Extracted data entries
════
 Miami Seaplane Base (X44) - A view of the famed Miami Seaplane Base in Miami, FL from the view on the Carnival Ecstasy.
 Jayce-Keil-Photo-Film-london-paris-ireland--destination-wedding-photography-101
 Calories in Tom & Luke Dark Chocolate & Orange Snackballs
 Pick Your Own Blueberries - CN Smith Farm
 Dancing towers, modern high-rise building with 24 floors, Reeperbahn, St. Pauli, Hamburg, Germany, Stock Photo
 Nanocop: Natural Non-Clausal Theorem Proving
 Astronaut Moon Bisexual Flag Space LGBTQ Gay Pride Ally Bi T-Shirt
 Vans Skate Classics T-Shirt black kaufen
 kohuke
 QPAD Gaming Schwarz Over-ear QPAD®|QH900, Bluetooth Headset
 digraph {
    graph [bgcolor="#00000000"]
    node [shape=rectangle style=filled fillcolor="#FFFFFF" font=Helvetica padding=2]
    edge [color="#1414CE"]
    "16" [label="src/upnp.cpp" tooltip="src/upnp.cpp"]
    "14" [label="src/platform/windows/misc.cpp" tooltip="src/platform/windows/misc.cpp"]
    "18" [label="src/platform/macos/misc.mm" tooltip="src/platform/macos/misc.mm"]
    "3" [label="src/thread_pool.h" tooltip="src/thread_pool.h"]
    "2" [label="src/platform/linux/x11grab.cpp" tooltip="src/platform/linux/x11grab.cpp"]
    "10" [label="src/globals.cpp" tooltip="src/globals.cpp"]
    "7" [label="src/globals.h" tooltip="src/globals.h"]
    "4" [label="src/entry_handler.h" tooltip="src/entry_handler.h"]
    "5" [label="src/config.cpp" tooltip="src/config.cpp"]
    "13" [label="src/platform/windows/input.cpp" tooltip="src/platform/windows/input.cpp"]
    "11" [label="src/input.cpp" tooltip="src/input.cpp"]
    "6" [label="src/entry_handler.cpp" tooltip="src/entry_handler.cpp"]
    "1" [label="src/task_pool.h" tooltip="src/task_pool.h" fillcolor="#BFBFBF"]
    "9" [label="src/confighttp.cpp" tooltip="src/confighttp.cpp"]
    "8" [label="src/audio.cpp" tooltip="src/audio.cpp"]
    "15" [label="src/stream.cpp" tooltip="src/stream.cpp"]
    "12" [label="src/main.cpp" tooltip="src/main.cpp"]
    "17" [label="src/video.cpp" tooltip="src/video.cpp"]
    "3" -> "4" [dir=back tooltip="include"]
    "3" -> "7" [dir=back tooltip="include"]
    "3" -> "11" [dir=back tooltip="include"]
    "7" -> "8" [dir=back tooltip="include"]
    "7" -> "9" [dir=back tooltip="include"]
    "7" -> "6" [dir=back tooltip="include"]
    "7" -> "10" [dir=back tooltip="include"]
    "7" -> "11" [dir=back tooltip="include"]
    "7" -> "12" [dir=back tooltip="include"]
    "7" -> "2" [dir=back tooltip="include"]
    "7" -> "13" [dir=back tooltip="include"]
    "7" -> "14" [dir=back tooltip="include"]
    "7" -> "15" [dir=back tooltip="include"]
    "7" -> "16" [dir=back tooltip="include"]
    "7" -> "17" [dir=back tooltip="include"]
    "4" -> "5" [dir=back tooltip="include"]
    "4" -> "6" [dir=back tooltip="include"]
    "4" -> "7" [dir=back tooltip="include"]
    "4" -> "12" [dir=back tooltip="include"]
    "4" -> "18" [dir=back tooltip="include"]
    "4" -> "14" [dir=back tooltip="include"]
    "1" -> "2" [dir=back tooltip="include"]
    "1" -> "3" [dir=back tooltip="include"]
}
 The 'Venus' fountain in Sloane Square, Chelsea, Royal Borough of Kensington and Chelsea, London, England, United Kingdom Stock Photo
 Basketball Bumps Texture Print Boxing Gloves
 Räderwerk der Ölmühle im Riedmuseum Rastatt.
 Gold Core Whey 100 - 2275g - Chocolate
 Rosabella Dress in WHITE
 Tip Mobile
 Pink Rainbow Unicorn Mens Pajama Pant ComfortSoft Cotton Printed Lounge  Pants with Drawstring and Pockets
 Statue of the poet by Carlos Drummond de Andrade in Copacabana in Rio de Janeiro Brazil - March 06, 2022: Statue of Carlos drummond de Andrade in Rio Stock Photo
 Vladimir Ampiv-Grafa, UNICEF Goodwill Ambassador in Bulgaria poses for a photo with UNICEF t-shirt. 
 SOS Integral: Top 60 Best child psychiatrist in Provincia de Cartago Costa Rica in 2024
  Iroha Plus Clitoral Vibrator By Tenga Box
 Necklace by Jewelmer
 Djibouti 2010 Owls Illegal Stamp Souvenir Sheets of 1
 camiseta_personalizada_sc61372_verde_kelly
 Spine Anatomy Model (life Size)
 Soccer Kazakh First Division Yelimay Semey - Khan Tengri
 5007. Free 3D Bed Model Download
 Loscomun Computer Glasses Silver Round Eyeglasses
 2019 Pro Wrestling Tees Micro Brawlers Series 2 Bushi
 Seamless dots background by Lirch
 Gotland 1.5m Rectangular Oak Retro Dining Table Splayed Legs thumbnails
════
The records above must be transcribed without a single omission.

 Miami Seaplane Base (X44) - A view of the famed Miami Seaplane Base in Miami, FL from the view on the Carnival Ecstasy.
 Jayce-Keil-Photo-Film-london-paris-ireland--destination-wedding-photography-101
 Calories in Tom & Luke Dark Chocolate & Orange Snackballs
 Pick Your Own Blueberries - CN Smith Farm
 Dancing towers, modern high-rise building with 24 floors, Reeperbahn, St. Pauli, Hamburg, Germany, Stock Photo
 Nanocop: Natural Non-Clausal Theorem Proving
 Astronaut Moon Bisexual Flag Space LGBTQ Gay Pride Ally Bi T-Shirt
 Vans Skate Classics T-Shirt black kaufen
 kohuke
 QPAD Gaming Schwarz Over-ear QPAD®|QH900, Bluetooth Headset
 digraph {
    graph [bgcolor="#00000000"]
    node [shape=rectangle style=filled fillcolor="#FFFFFF" font=Helvetica padding=2]
    edge [color="#1414CE"]
    "16" [label="src/upnp.cpp" tooltip="src/upnp.cpp"]
    "14" [label="src/platform/windows/misc.cpp" tooltip="src/platform/windows/misc.cpp"]
    "18" [label="src/platform/macos/misc.mm" tooltip="src/platform/macos/misc.mm"]
    "3" [label="src/thread_pool.h" tooltip="src/thread_pool.h"]
    "2" [label="src/platform/linux/x11grab.cpp" tooltip="src/platform/linux/x11grab.cpp"]
    "10" [label="src/globals.cpp" tooltip="src/globals.cpp"]
    "7" [label="src/globals.h" tooltip="src/globals.h"]
    "4" [label="src/entry_handler.h" tooltip="src/entry_handler.h"]
    "5" [label="src/config.cpp" tooltip="src/config.cpp"]
    "13" [label="src/platform/windows/input.cpp" tooltip="src/platform/windows/input.cpp"]
    "11" [label="src/input.cpp" tooltip="src/input.cpp"]
    "6" [label="src/entry_handler.cpp" tooltip="src/entry_handler.cpp"]
    "1" [label="src/task_pool.h" tooltip="src/task_pool.h" fillcolor="#BFBFBF"]
    "9" [label="src/confighttp.cpp" tooltip="src/confighttp.cpp"]
    "8" [label="src/audio.cpp" tooltip="src/audio.cpp"]
    "15" [label="src/stream.cpp" tooltip="src/stream.cpp"]
    "12" [label="src/main.cpp" tooltip="src/main.cpp"]
    "17" [label="src/video.cpp" tooltip="src/video.cpp"]
    "3" -> "4" [dir=back tooltip="include"]
    "3" -> "7" [dir=back tooltip="include"]
    "3" -> "11" [dir=back tooltip="include"]
    "7" -> "8" [dir=back tooltip="include"]
    "7" -> "9" [dir=back tooltip="include"]
    "7" -> "6" [dir=back tooltip="include"]
    "7" -> "10" [dir=back tooltip="include"]
    "7" -> "11" [dir=back tooltip="include"]
    "7" -> "12" [dir=back tooltip="include"]
    "7" -> "2" [dir=back tooltip="include"]
    "7" -> "13" [dir=back tooltip="include"]
    "7" -> "14" [dir=back tooltip="include"]
    "7" -> "15" [dir=back tooltip="include"]
    "7" -> "16" [dir=back tooltip="include"]
    "7" -> "17" [dir=back tooltip="include"]
    "4" -> "5" [dir=back tooltip="include"]
    "4" -> "6" [dir=back tooltip="include"]
    "4" -> "7" [dir=back tooltip="include"]
    "4" -> "12" [dir=back tooltip="include"]
    "4" -> "18" [dir=back tooltip="include"]
    "4" -> "14" [dir=back tooltip="include"]
    "1" -> "2" [dir=back tooltip="include"]
    "1" -> "3" [dir=back tooltip="include"]
}
 The 'Venus' fountain in Sloane Square, Chelsea, Royal Borough of Kensington and Chelsea, London, England, United Kingdom Stock Photo
 Basketball Bumps Texture Print Boxing Gloves
 Räderwerk der Ölmühle im Riedmuseum Rastatt.
 Gold Core Whey 100 - 2275g - Chocolate
 Rosabella Dress in WHITE
 Tip Mobile
 Pink Rainbow Unicorn Mens Pajama Pant ComfortSoft Cotton Printed Lounge  Pants with Drawstring and Pockets
 Statue of the poet by Carlos Drummond de Andrade in Copacabana in Rio de Janeiro Brazil - March 06, 2022: Statue of Carlos drummond de Andrade in Rio Stock Photo
 Vladimir Ampiv-Grafa, UNICEF Goodwill Ambassador in Bulgaria poses for a photo with UNICEF t-shirt. 
 SOS Integral: Top 60 Best child psychiatrist in Provincia de Cartago Costa Rica in 2024
  Iroha Plus Clitoral Vibrator By Tenga Box
 Necklace by Jewelmer
 Djibouti 2010 Owls Illegal Stamp Souvenir Sheets of 1
 camiseta_personalizada_sc61372_verde_kelly
 Spine Anatomy Model (life Size)
 Soccer Kazakh First Division Yelimay Semey - Khan Tengri
 5007. Free 3D Bed Model Download
 Loscomun Computer Glasses Silver Round Eyeglasses
 2019 Pro Wrestling Tees Micro Brawlers Series 2 Bushi
 Seamless dots background by Lirch
 Gotland 1.5m Rectangular Oak Retro Dining Table Splayed Legs thumbnails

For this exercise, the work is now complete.